The IoT will enable the provision of personalised financial services by collecting and analyzing data from connected devices. IoT will improve customer support through smart security systems and digital wearables, providing real-time assistance and insights. Additionally, mobile point-of-sale systems enabled by IoT will allow payments to be made from anywhere, enhancing the convenience and speed of transactions.
Finally, AR and VR will play a significant role in enhancing customer experiences and financial education. These technologies could be used to create virtual branches, allowing customers to engage with financial institutions from the comfort of their homes. This would not only enhance convenience but also enable financial institutions to reach customers in remote or underserved areas.

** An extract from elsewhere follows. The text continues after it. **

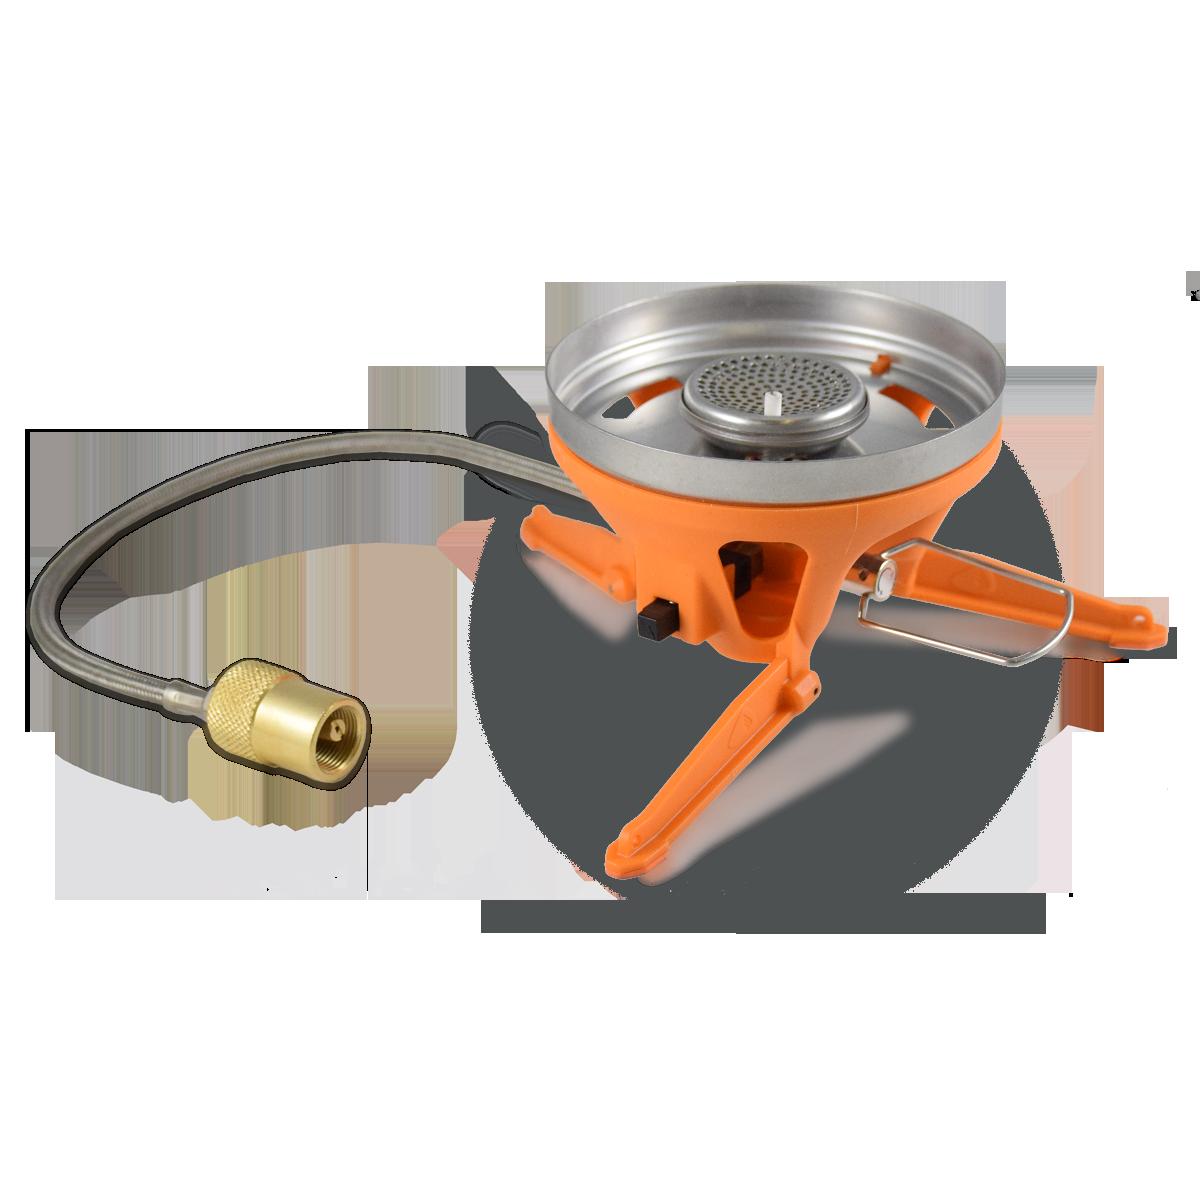 JetBoil Luna Satellite Burner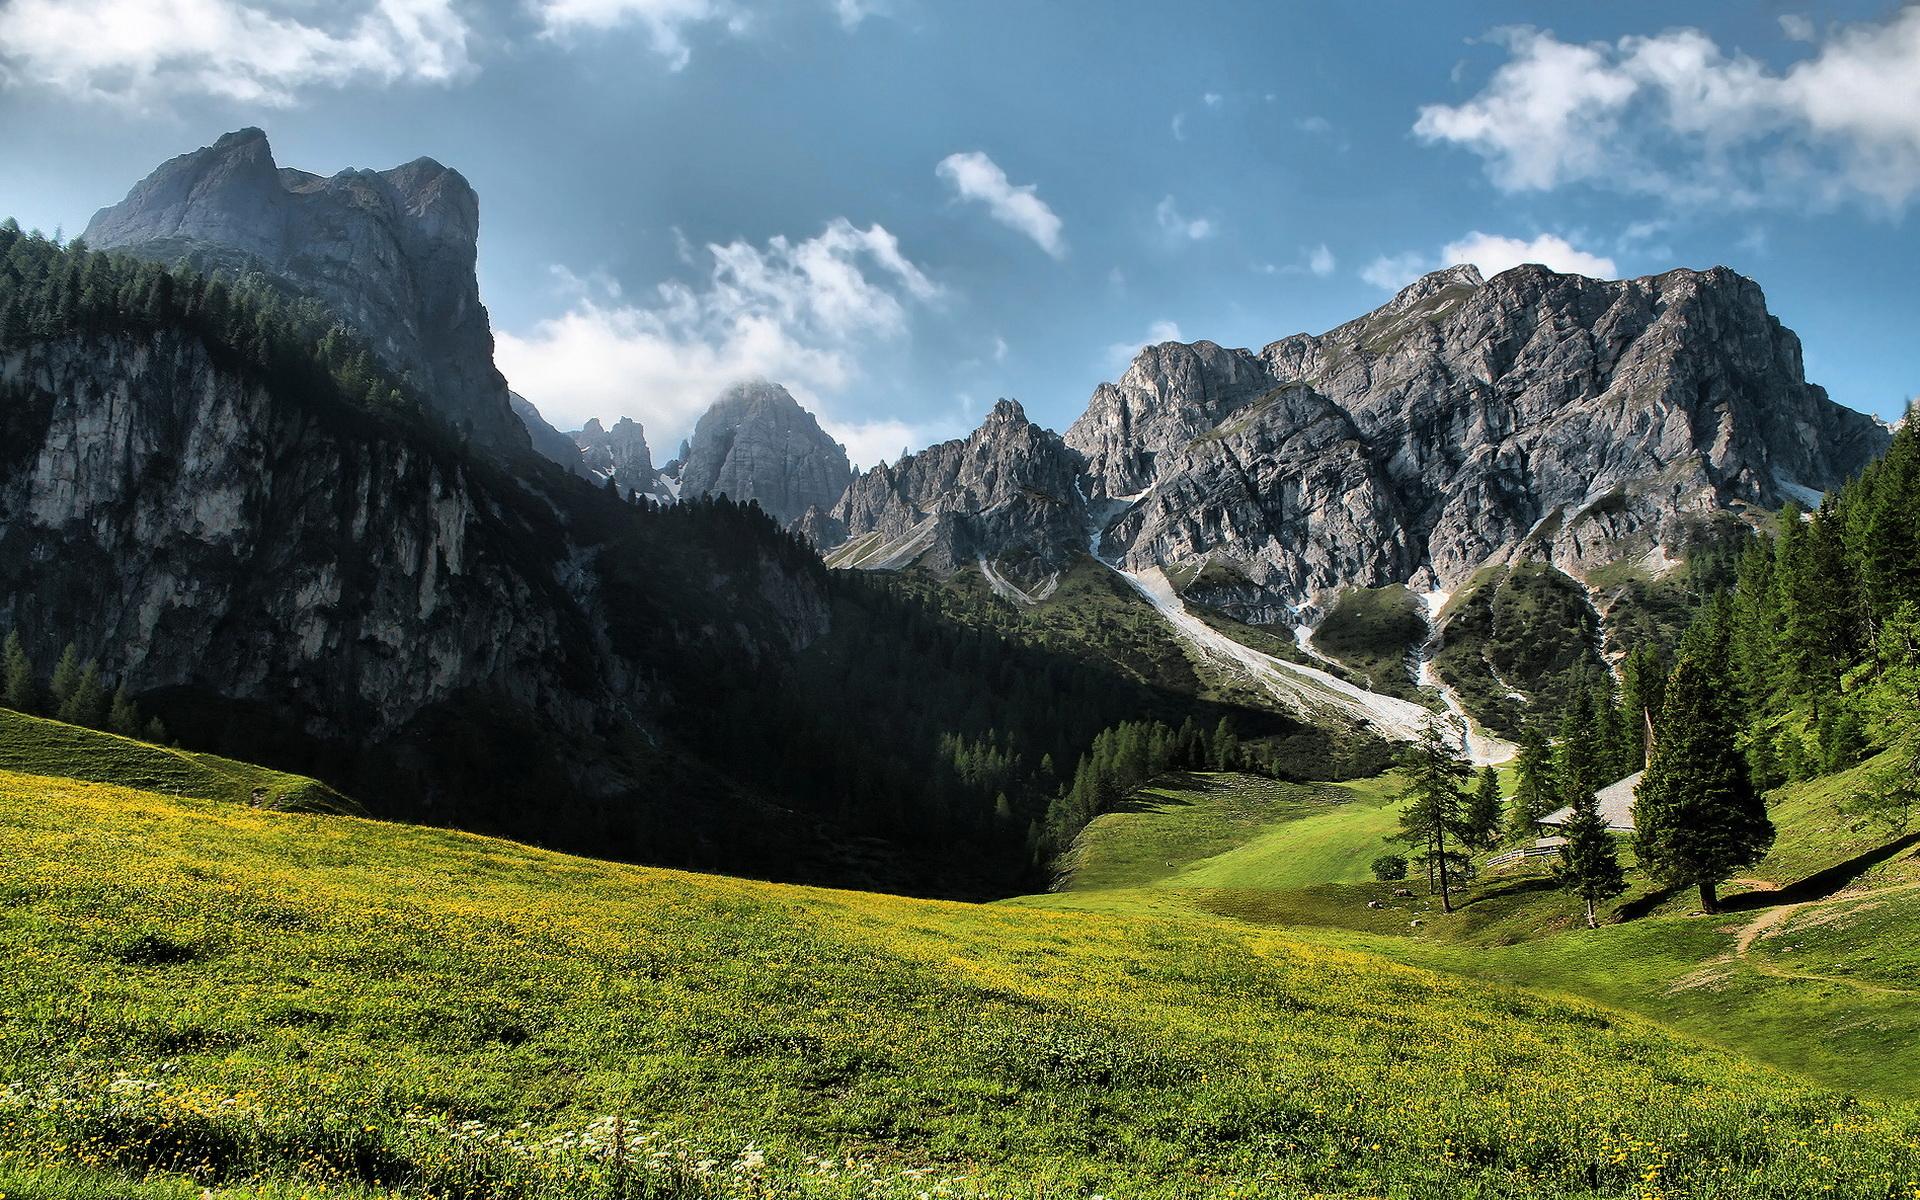 Rocky Mountains Wallpaper Hd Desktop Wallpaper

Role Of Fintech In Sustainable Development
As India strives towards its developed economy goal, fintech will play a crucial role in supporting sustainable development in the country. The sector will also contribute to climate adaptation and mitigation efforts through innovative financial products and services that promote sustainability.
Climate Risk Assessment and Mitigation will be enhanced by fintech companies leveraging extensive datasets and advanced analytics. These tools will provide lenders with detailed insights into borrowers' environmental vulnerabilities, allowing for more informed lending decisions that account for climate risks. Fintech platforms will also facilitate green investments by connecting investors with sustainable projects and promoting financial support for initiatives aimed at combating climate change.
As a result, Impact investing will become increasingly prevalent, with fintech enabling the alignment of investments with social and environmental goals. Blockchain technology, for example, could be used to create impact tokens that convert non-financial value into digital assets, increasing transparency and trust in investment projects aimed at achieving Sustainable Development Goals (SDGs).
India’s fintech sector will have matured into a global powerhouse by 2047, driving economic growth and financial inclusion. The integration of advanced technologies will revolutionise financial services, making them more accessible, efficient, and secure. Government initiatives and regulatory frameworks will ensure that this growth is sustainable, fostering a dynamic and resilient fintech ecosystem.